Fincher talks about the Royal Regatta race scene in THE SOCIAL NETWORK

Scott December 31, 2010 0

Our friends over at /Film got a chance to talk to David Fincher via email about THE SOCIAL NETWORK and one of the questions they talked about was the Royal Regatta race scene in the film which features major tilt shift/depth of field changes. Here is a little excerpt from their conversation:

/Film: I’m interested to hear your thoughts in the tilt/shift isolated focus you employed in the boating sequence. It is unlike anything I’ve ever seen on the big screen before and would love to learn what inspired it.

Fincher: We could only shoot 3 races at the Henley Royal Regatta; We had to shoot 4 days of boat inserts in Eton.
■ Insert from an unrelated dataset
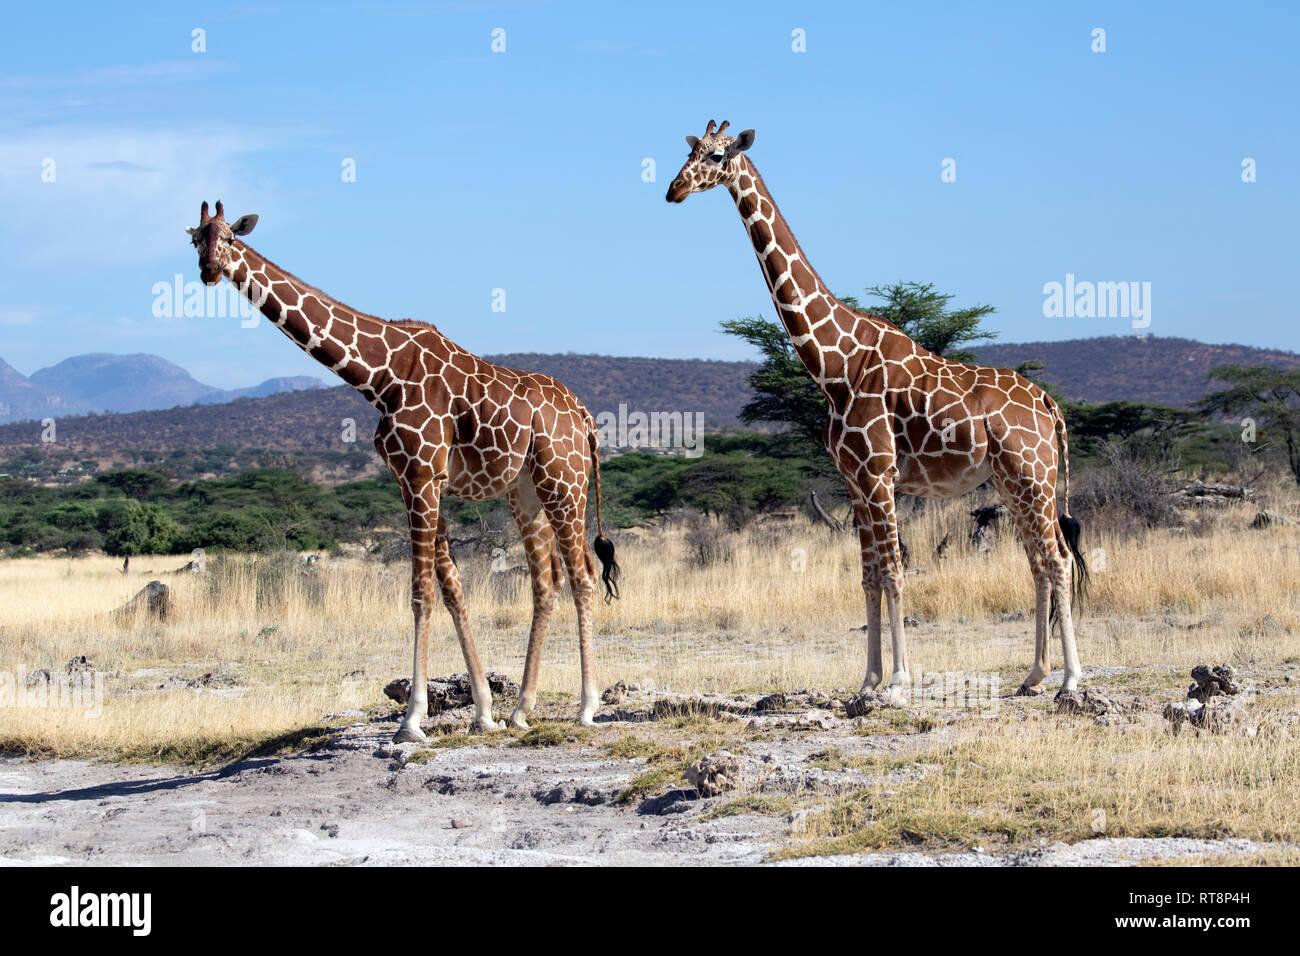 Deux somaliens ou réticulée, girafe Giraffa camelopardalis reticulata, dans des prairies semi-arides, Buffalo Springs National Reserve, Kenya Banque D'Images

The only way to make the date for release was to make the backgrounds as soft as humanly possible. I decided it might be more “subjective” if the world around the races fell away in focus, leaving the rowers to move into and out of planes of focus to accentuate their piston-like effort.

Go and read the entire interview over at /Film. Here is the scene they are talking about below, which contains no spoilers, so you can watch with peace of mind:

Here is some commentary on this scene from the Blu-Ray which hits stores January 11, 2011:

“The Henley Royal Regatta were incredibly good to us and they allowed us to actually shoot the race at Henley. I had no idea how huge the Henley Royal Regatta was. I’d only seen photographs and a lot of them are telephoto so you don’t get the idea of this mile-and-a-half of grandstands and corporate sponsors.” … “But it is a tricky thing to design a sequence around missing by that much when you literally get dropped into the middle of it. You really don’t know where you are, it requires a subtitle to tell you you’re now in Henley for the Henley Royal Regatta, which you probably don’t know is the Super Bowl of boat racing. So this was one of those sequences where the only time we could shoot it was July 4, 2010. It was literally five to six weeks before we had to finish the movie. The movie had to be done so we could get it in theaters, and they were incredibly helpful to us and made it all possible.” … “One of the reasons it was done in this faux, swing and tilt– tilting lens board style was because all of the close-ups of the Winklevosses and the Dutch rowing were done in Eaton on a man made lake that doesn’t look anything like Henley. Doesn’t have any– just has green grass, but we would shoot the close-ups of all the people and then we had to matte in still photographs that we’d shot at Henley.”